Hope you find the issues soon and please get me updated. Thank you!
@tongzhoumu I have retrieved the "GATA + N/A + text observation + training on 20 env" checkpoint we used in the neurips paper, and I've uploaded it HERE.
Running the below testing script (__test.py
) by :
python __test.py configs/train_gata_gtf_rl.yaml
from agent import Agent
import generic
import evaluate
import reinforcement_learning_dataset
def test():
config = generic.load_config()
agent = Agent(config)
output_dir = "."
data_dir = "."
# make game environments
requested_infos = agent.select_additional_infos()
games_dir = "./"
eval_env, num_eval_game = reinforcement_learning_dataset.get_evaluation_game_env(games_dir + config['rl']['data_path'],
3, # difficulty level
requested_infos,
agent.eval_max_nb_steps_per_episode,
agent.eval_batch_size,
valid_or_test="test")
agent.load_pretrained_model(data_dir + "/gtf_text_lv1.pt.pt", load_partial_graph=False)
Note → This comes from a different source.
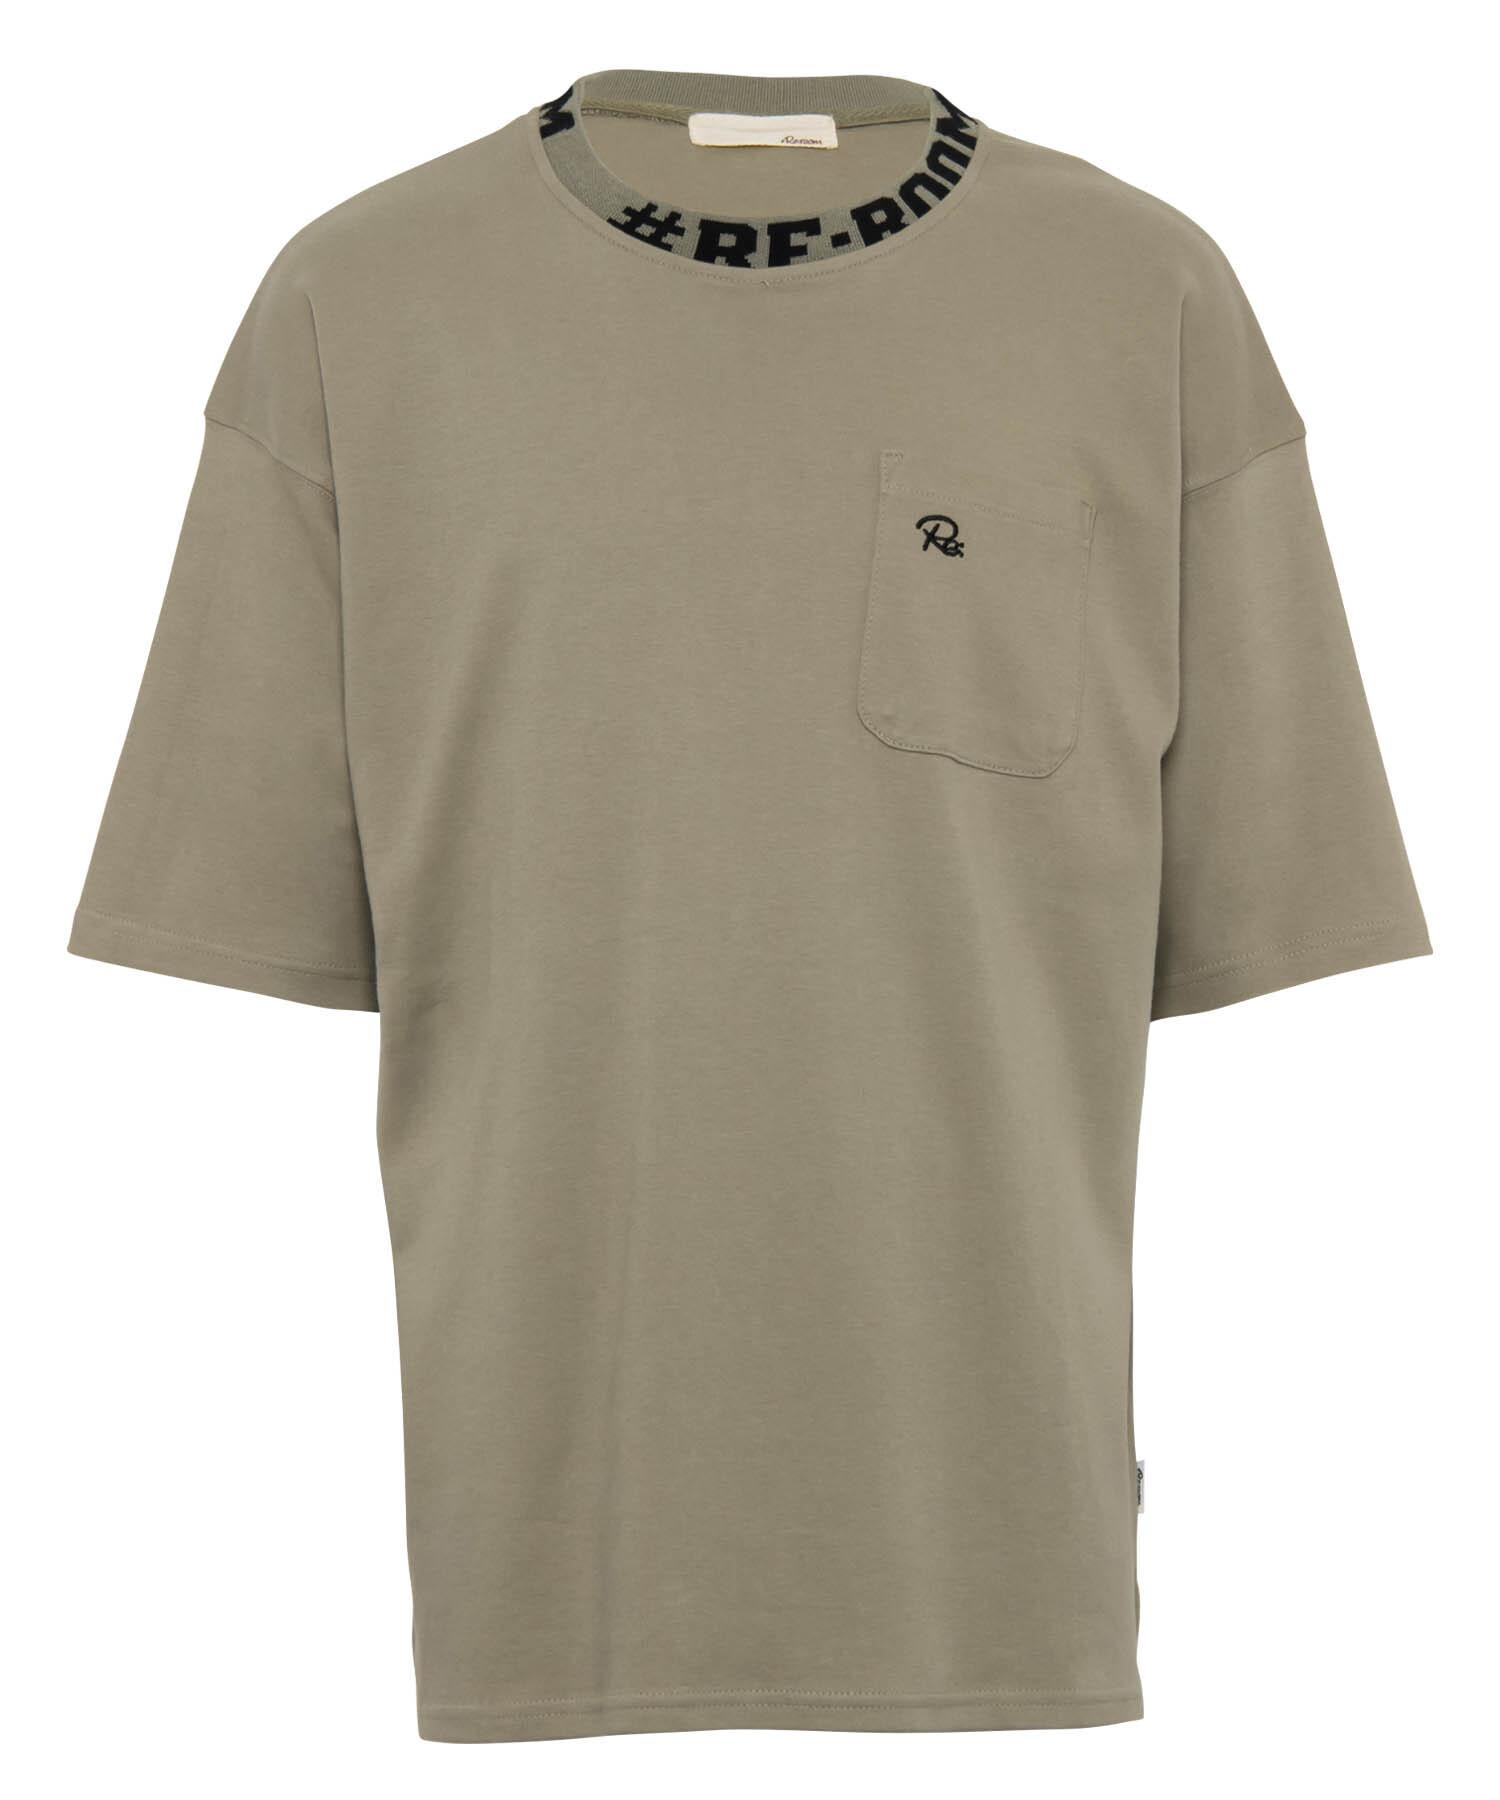 NECK LOGO BIG T-shirt[REC386]

eval_game_points, eval_game_points_normalized, eval_game_step, _, detailed_scores = evaluate.evaluate(eval_env, agent, num_eval_game)
print(eval_game_points, eval_game_points_normalized, eval_game_step)
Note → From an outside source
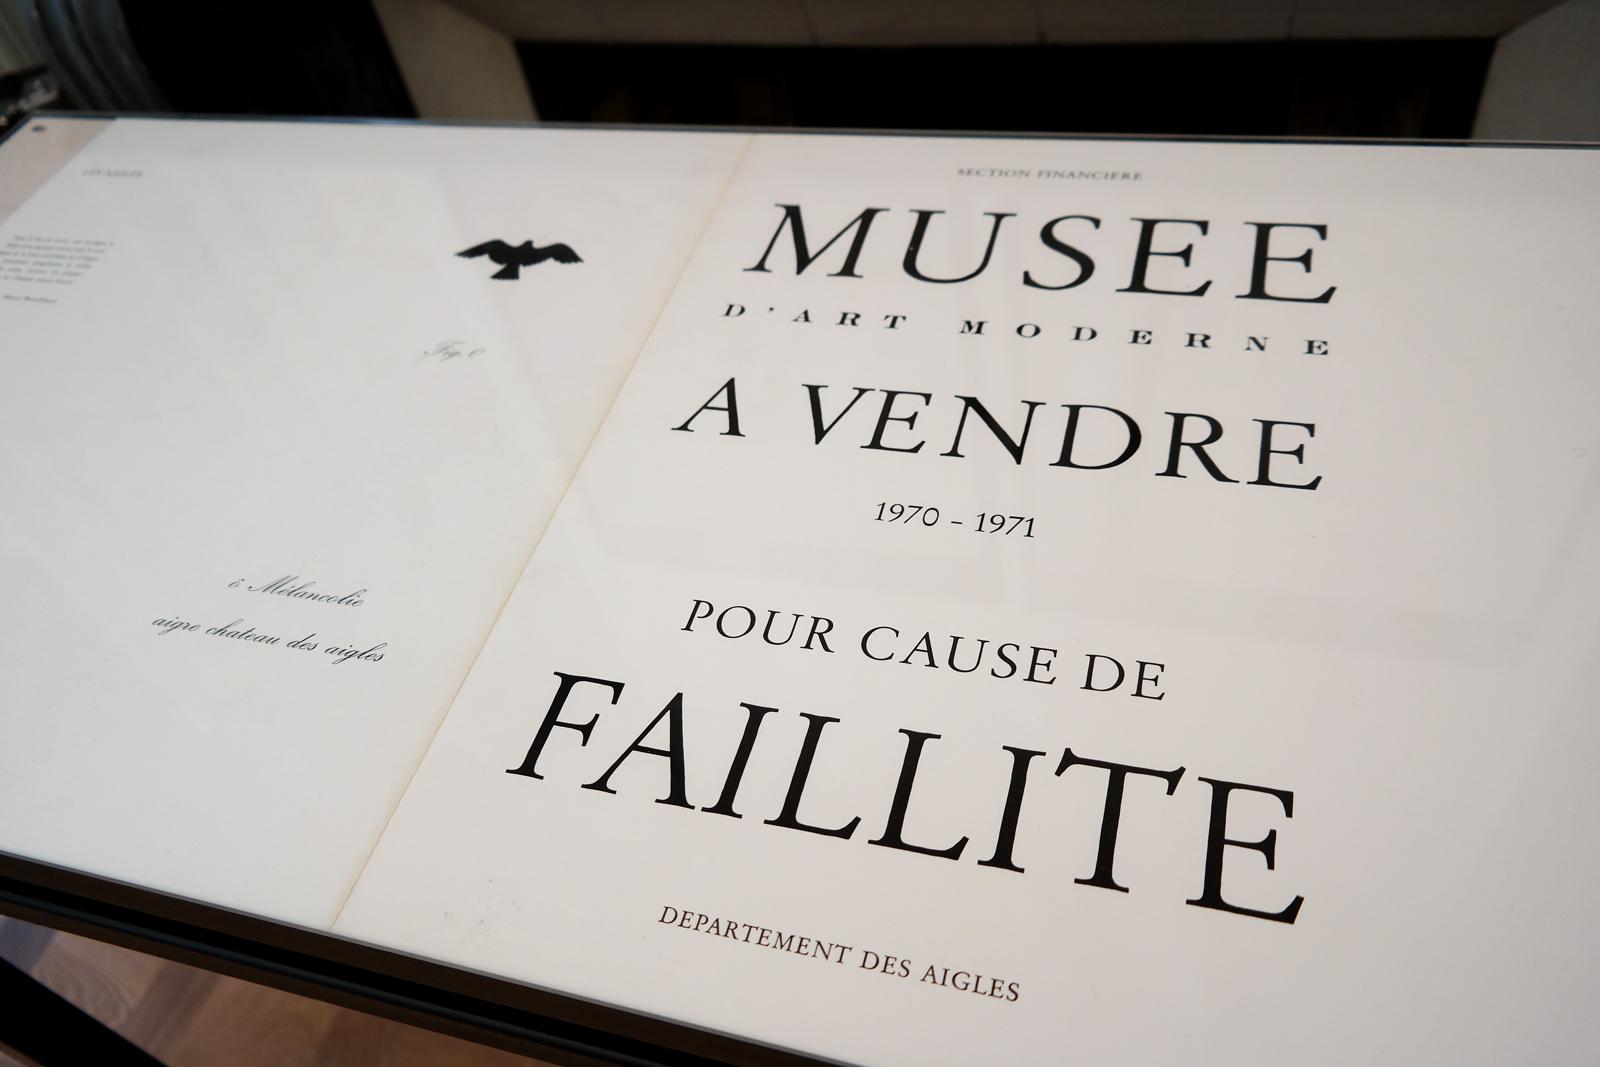 Musee-d-art-moderne-1971-1970-pour-cause-de-faillite-départements-des-aigles-Estate-Marcel-Broodthaers-exposition-Monnaie-de-Paris-MACBA-collection

if __name__ == '__main__':
test()
I got the below scores:
EVAL: rewards: 3.700 | normalized reward: 0.925 | used steps: 7.700
game name: 3ZMbUk7oiJW3sav6iQ0Yd, reward: 4.000, normalized reward: 1.000, steps: 10.000
game name: ZW9Eu55OC3MbHvn1hD0XJ, reward: 4.000, normalized reward: 1.000, steps: 6.000
game name: 2OyWcRqouyb5HLbaHLOJ, reward: 4.000, normalized reward: 1.000, steps: 18.000
game name: pE1dCOXKi7B7Fq0YSOPD, reward: 4.000, normalized reward: 1.000, steps: 6.000
game name: a6EdHb3bimbjuqaaIrag, reward: 4.000, normalized reward: 1.000, steps: 18.000
game name: DK38HLJVtRRyi3d7t2DXZ, reward: 4.000, normalized reward: 1.000, steps: 6.000
game name: BGbRCRVDsM3Lt71mho5N6, reward: 4.000, normalized reward: 1.000, steps: 8.000
game name: 0nQyHWbvh6dXFPmhLKX, reward: 4.000, normalized reward: 1.000, steps: 6.000
game name: PB3dhaRmhbZ5C6ERCeED, reward: 4.000, normalized reward: 1.000, steps: 8.000
game name: r69eHo3vFnk6srk2soaB, reward: 4.000, normalized reward: 1.000, steps: 10.000
game name: qnxpTadcKEKHqyeixvK, reward: 1.000, normalized reward: 0.250, steps: 4.000
game name: Y8oktyOLCkBLTglqh7pJN, reward: 4.000, normalized reward: 1.000, steps: 5.000
game name: QZ7WiY3bF36Jt7jbiKog, reward: 4.000, normalized reward: 1.000, steps: 7.000
game name: QY9MSo7dhR0YhX73FNOE3, reward: 4.000, normalized reward: 1.000, steps: 8.000
game name: O7yoUjMDtn8pSQK8IYYr, reward: 1.000, normalized reward: 0.250, steps: 5.000
game name: 0vYxsEKdIW0VIMx2SJnO, reward: 4.000, normalized reward: 1.000, steps: 8.000
game name: rNyeUk5rU5Mbcbk1cdvnV, reward: 4.000, normalized reward: 1.000, steps: 5.000
game name: ZO5gUy8LC2ejHRO9irkB, reward: 4.000, normalized reward: 1.000, steps: 5.000
game name: E0qyI5kvcjbjUBj2SOqj, reward: 4.000, normalized reward: 1.000, steps: 6.000
game name: adleiR2mfoMJCKr9CYgg, reward: 4.000, normalized reward: 1.000, steps: 5.000
It is clear that as you mentioned, the train/valid/test sets are too small so that the distribution shift may be a non negligible problem, but It's also nice to re-confirm the testing scores are not obtained by bug. We plan to provide a full set of experiment checkpoints we used to produce the testing scores at neurips in the near future.
@xingdi-eric-yuan I tried the provided checkpoint and got the same result with you. But how to use the current codes to train such a checkpoint is still unclear to me. It seems a little bit luck is needed.
And I am glad to see you can release the checkpoints in the near future. Thank you so much and looking forward to it!
@tongzhoumu thank you for reporting this issue, I'll close it for now and let you know when we release the checkpoints.